MATERIAL PROVIDED:
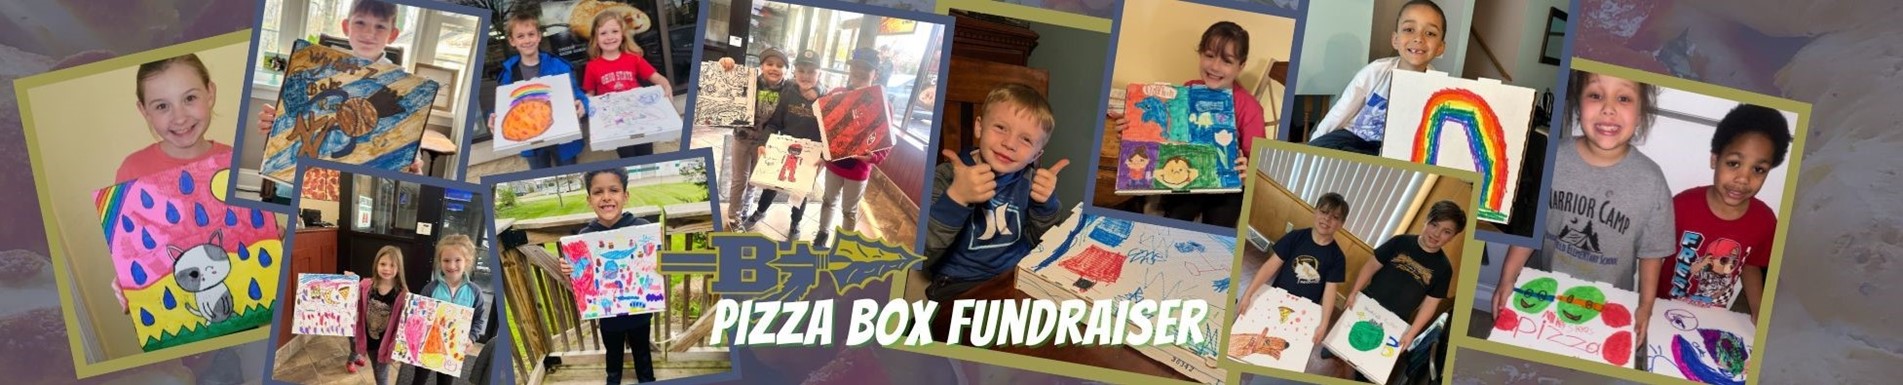 Pizza box fundraiser
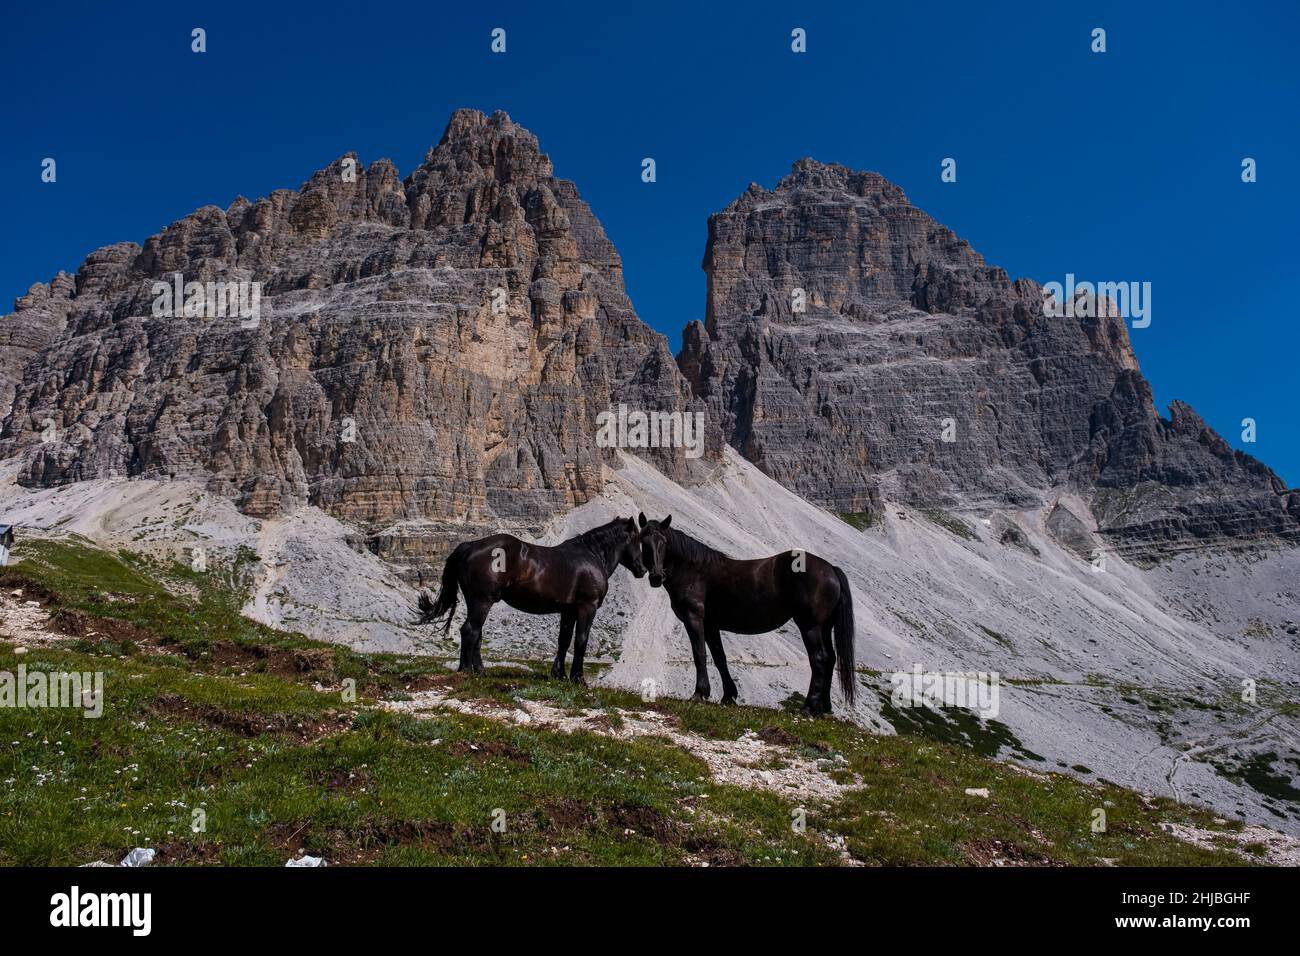 Deux chevaux noirs sont debout sur une colline rocheuse, les faces sud du groupe de montagne Tre cime di Lavaredo au loin. Banque D'Images
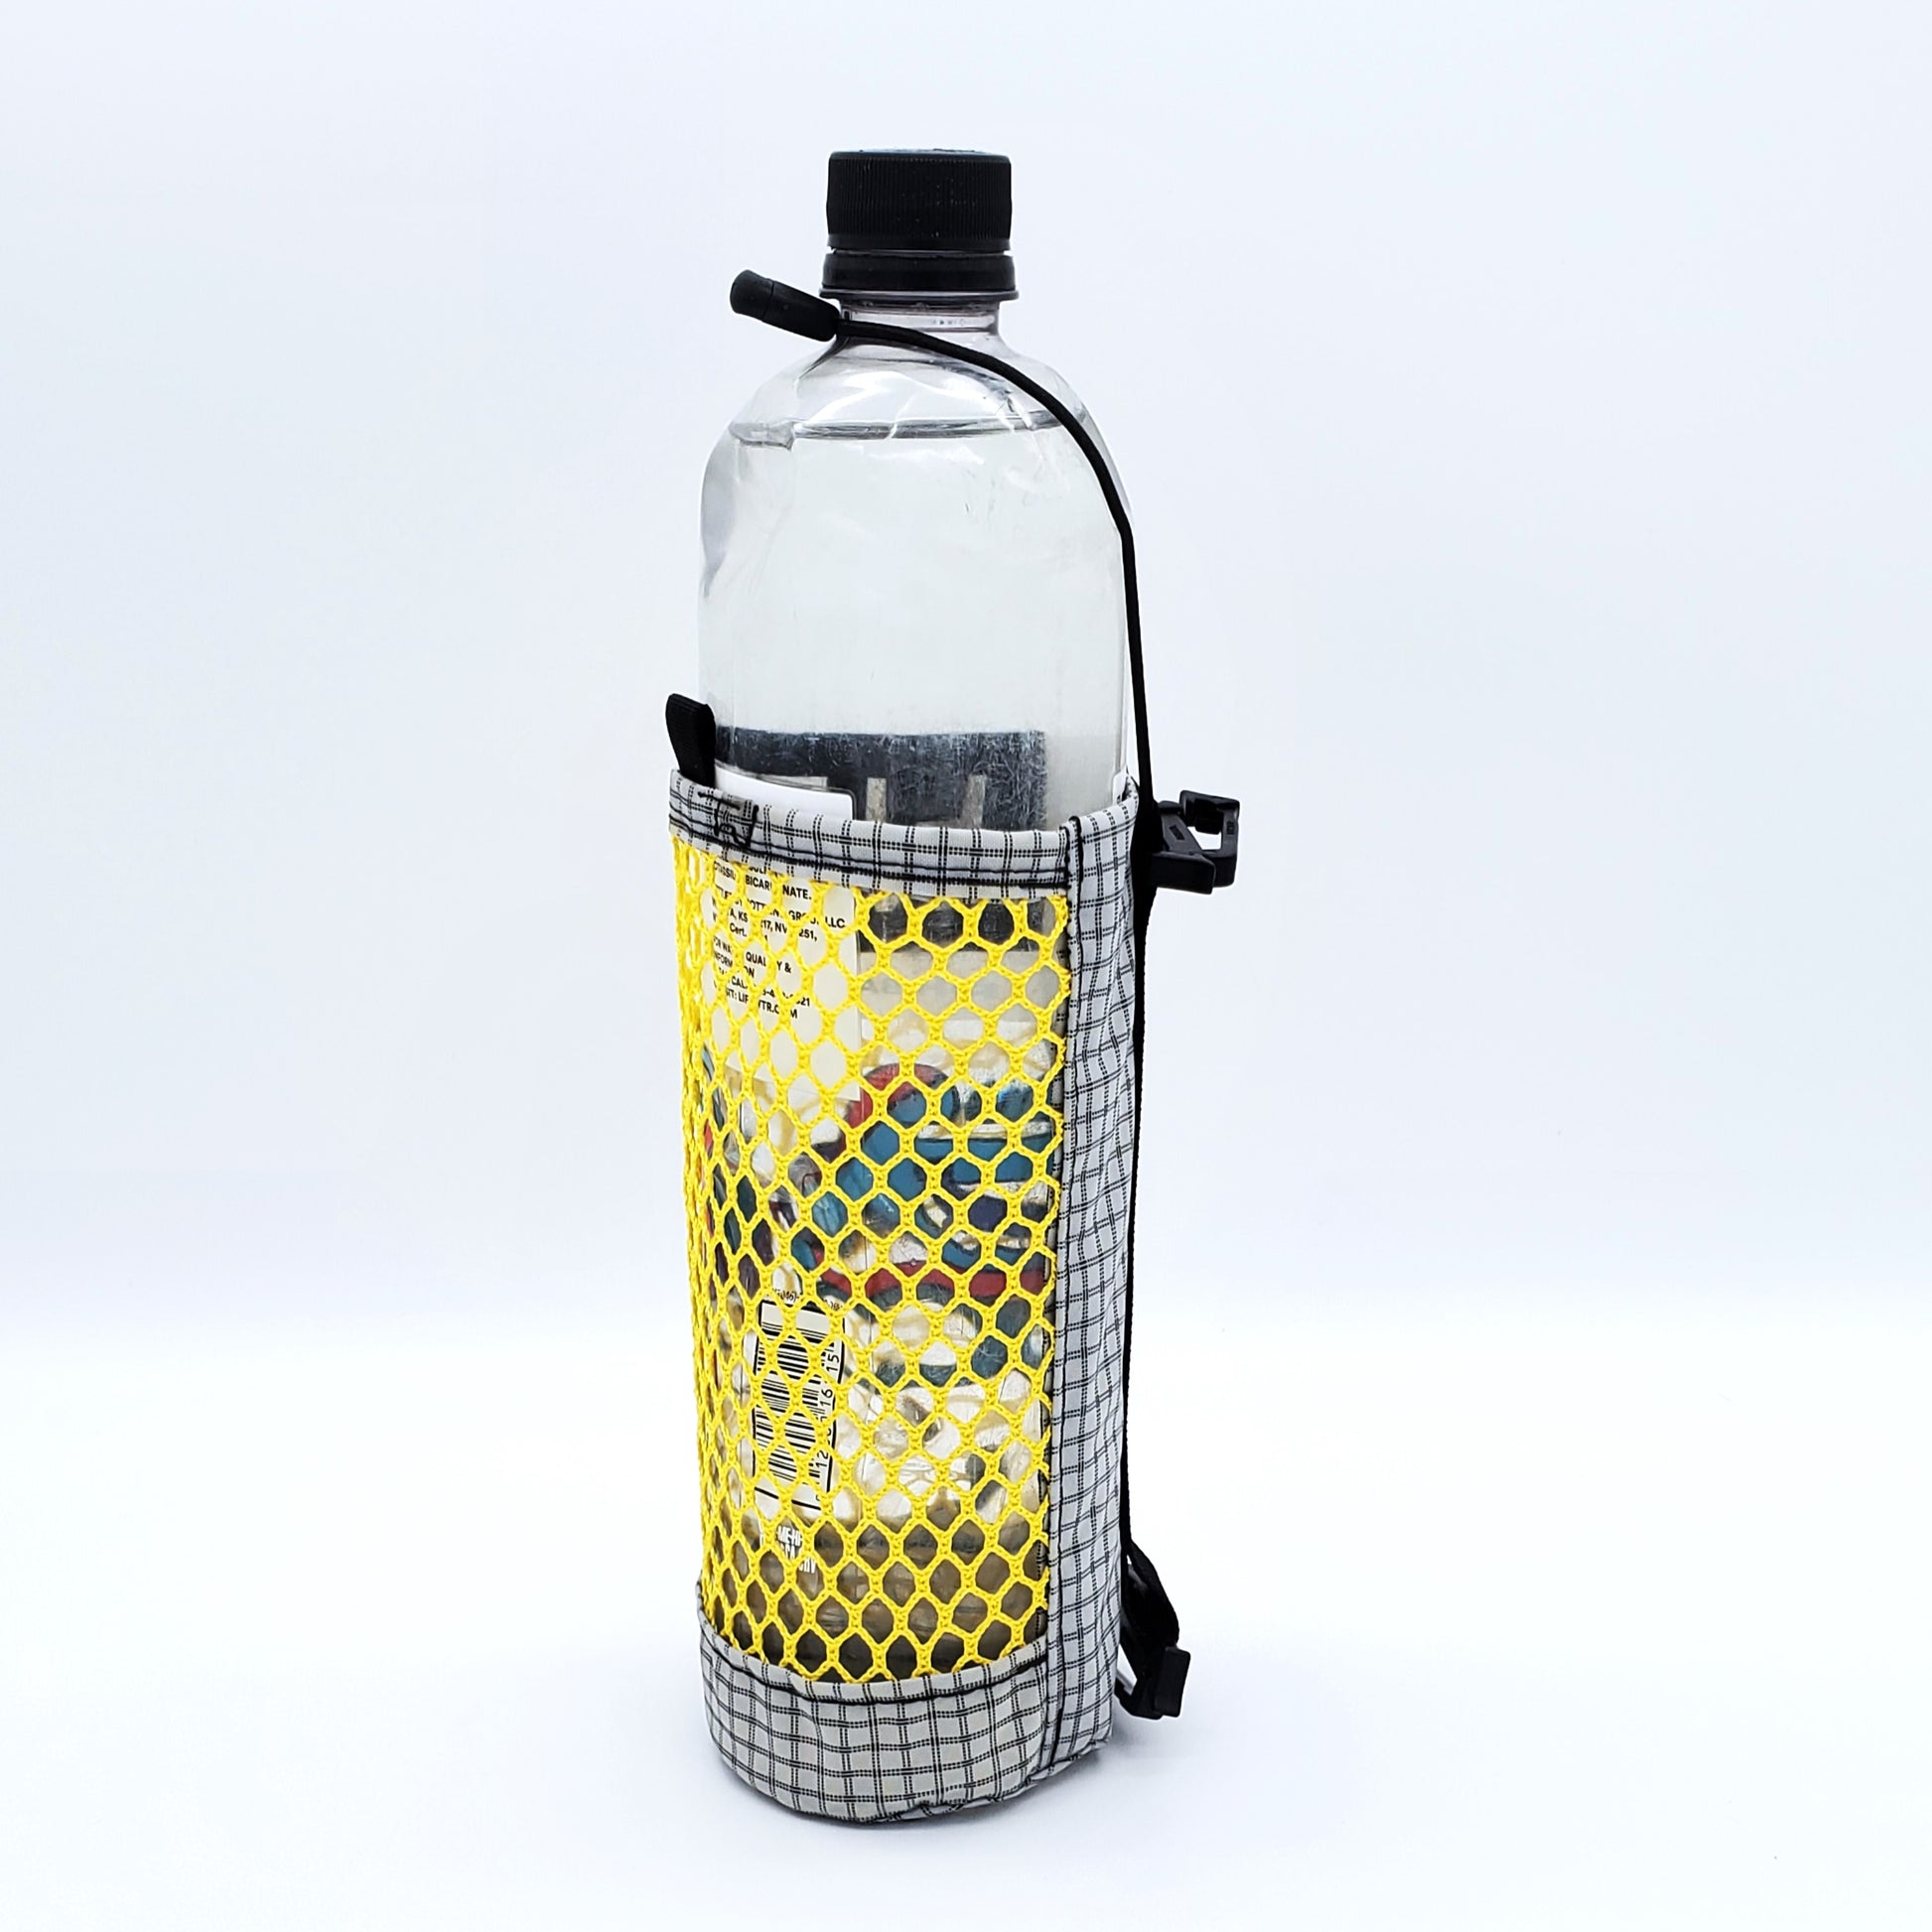 Porter Water Bottle Holder - 20 oz

WORK ITEM:
Starting with the line that holds "Deux chevaux noirs", copy every line exactly through the final line of the material, but skip the pictures.

RESULT FOR THIS TASK:
 Deux chevaux noirs sont debout sur une colline rocheuse, les faces sud du groupe de montagne Tre cime di Lavaredo au loin. Banque D'Images
 Porter Water Bottle Holder - 20 oz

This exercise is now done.